■ **SUPPLIED MATERIAL**:
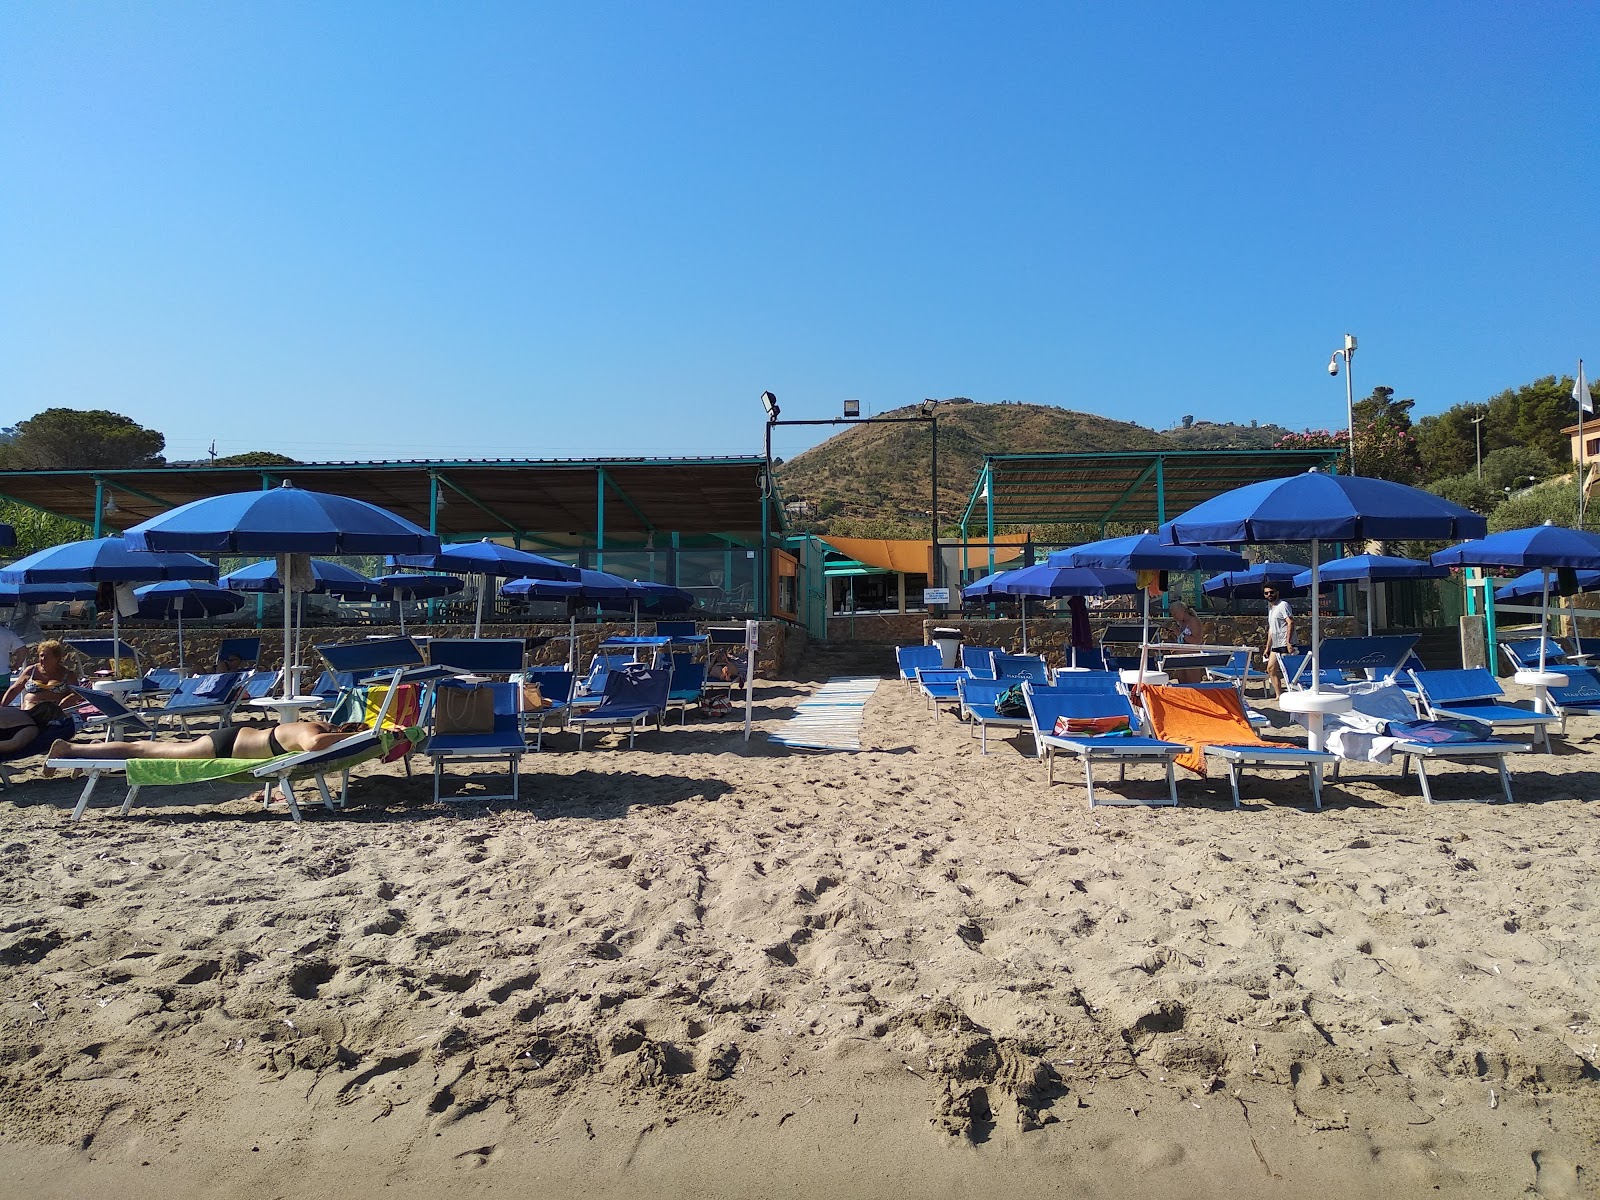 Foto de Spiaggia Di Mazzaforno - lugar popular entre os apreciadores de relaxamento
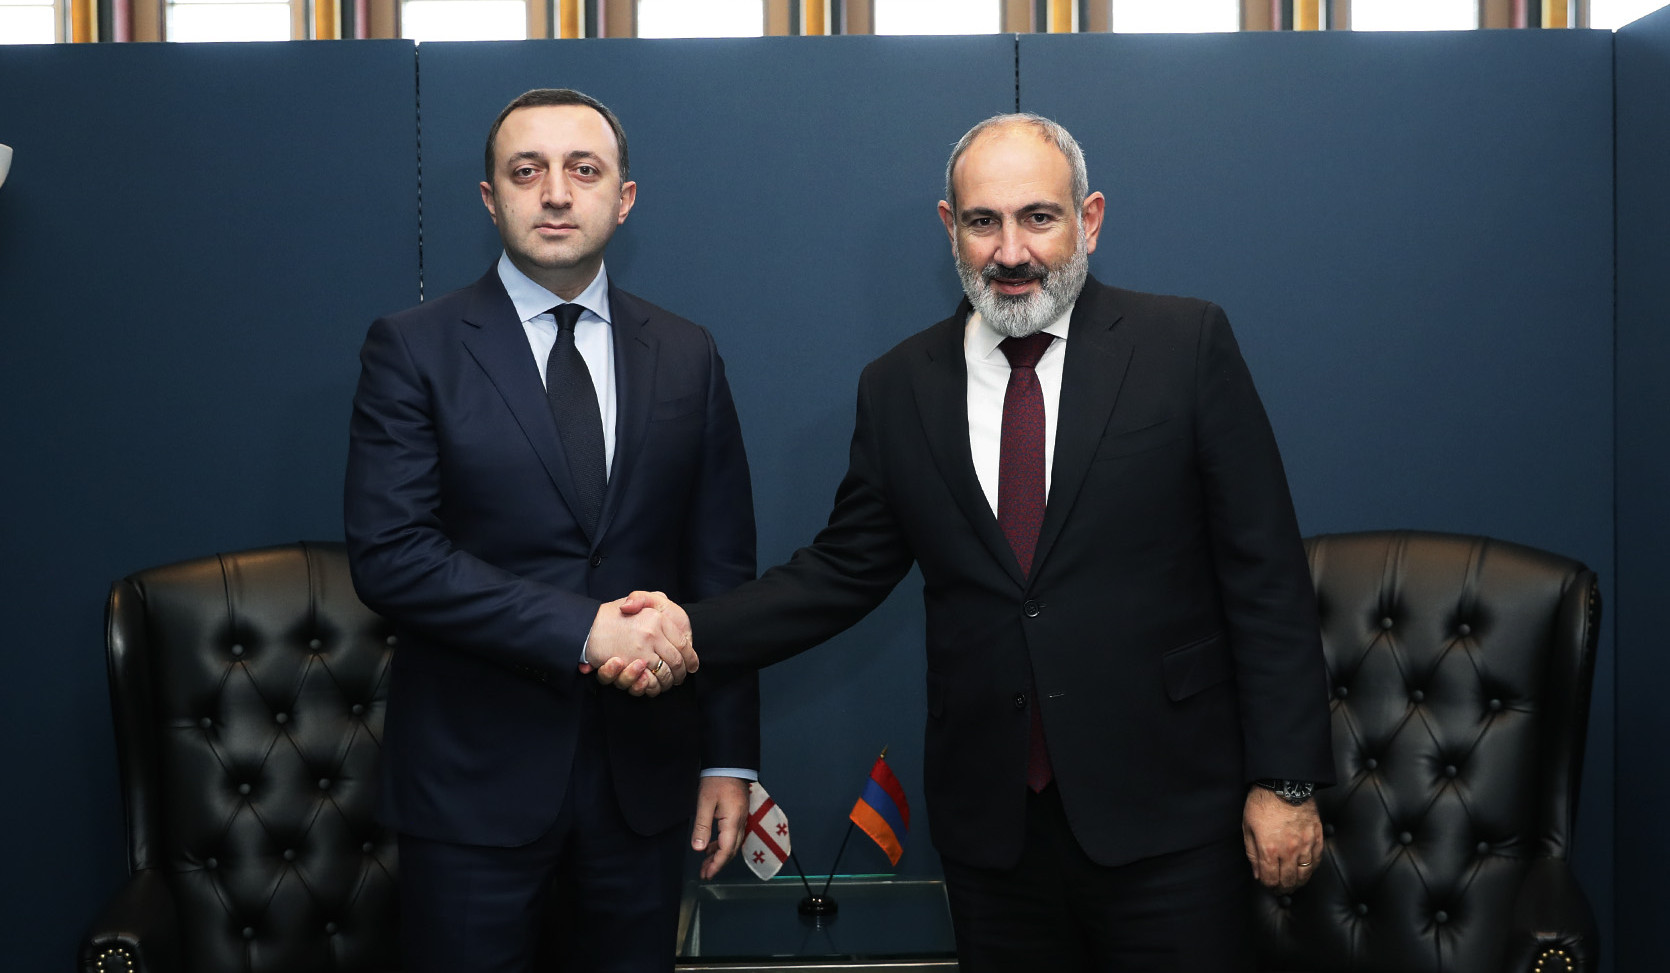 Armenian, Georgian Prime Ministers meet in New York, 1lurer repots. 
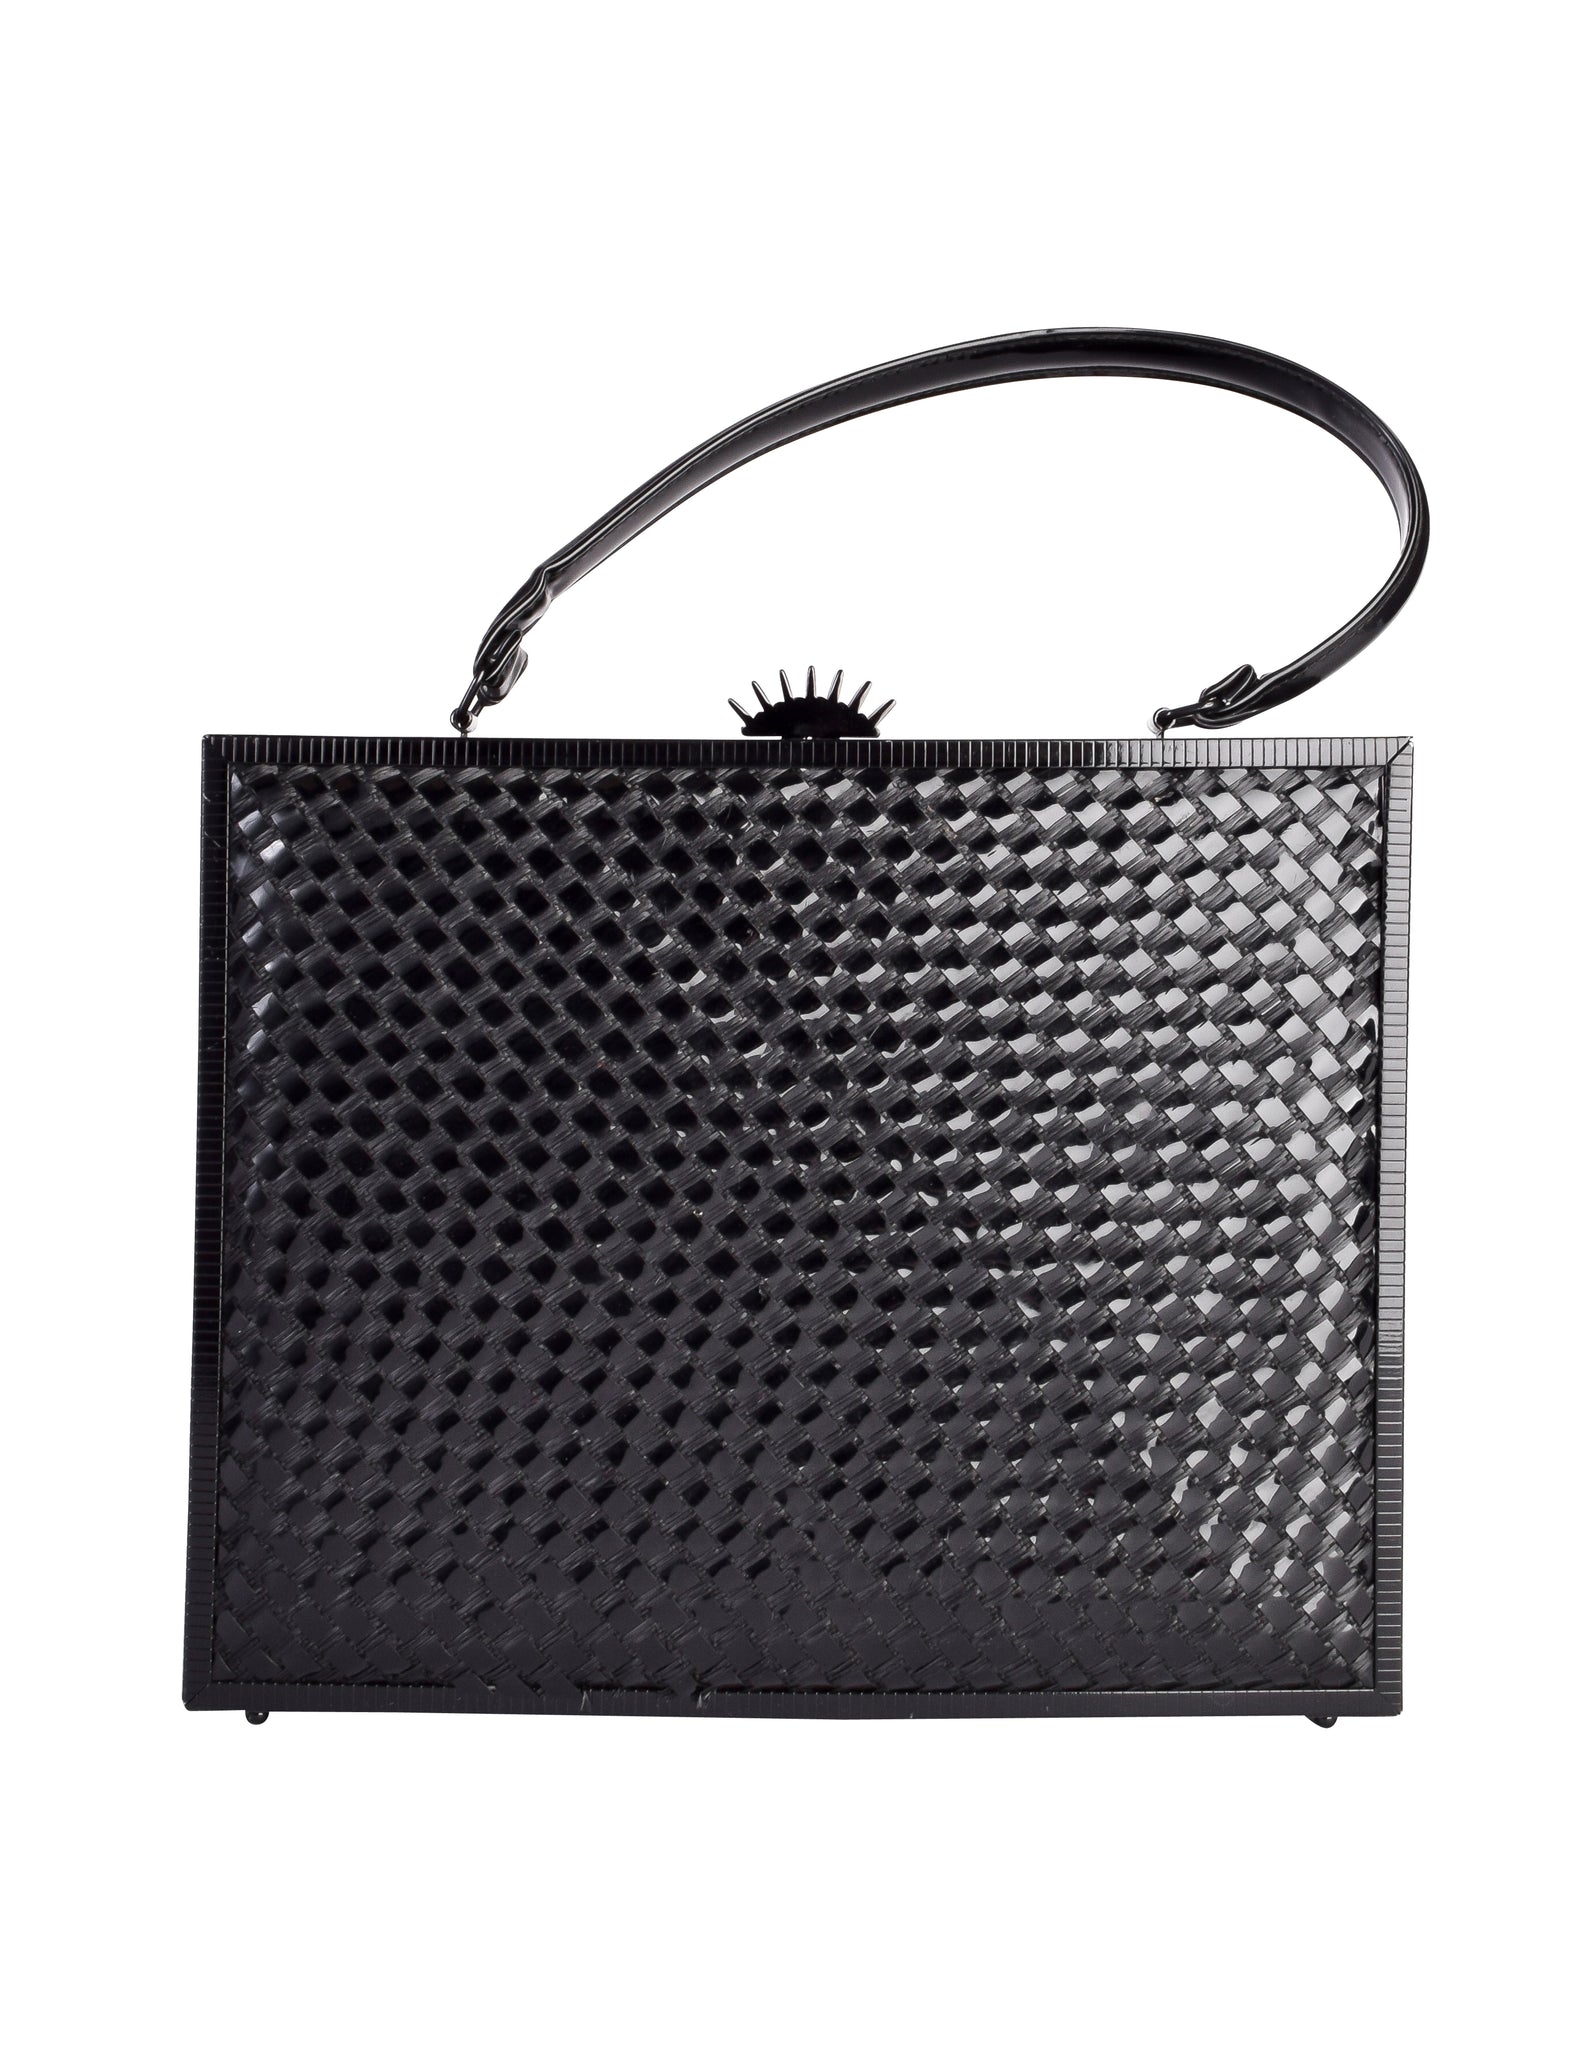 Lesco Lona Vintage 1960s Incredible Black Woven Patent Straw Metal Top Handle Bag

■ **REQUIRED WORK**: Leaving the pictures aside, copy exactly and only the lines from the one holding "Armenian, Georgian Prime" through the final line of the data, both ends kept.

■ **SOLUTION TO THIS PROBLEM**:
 Armenian, Georgian Prime Ministers meet in New York, 1lurer repots. 
 Lesco Lona Vintage 1960s Incredible Black Woven Patent Straw Metal Top Handle Bag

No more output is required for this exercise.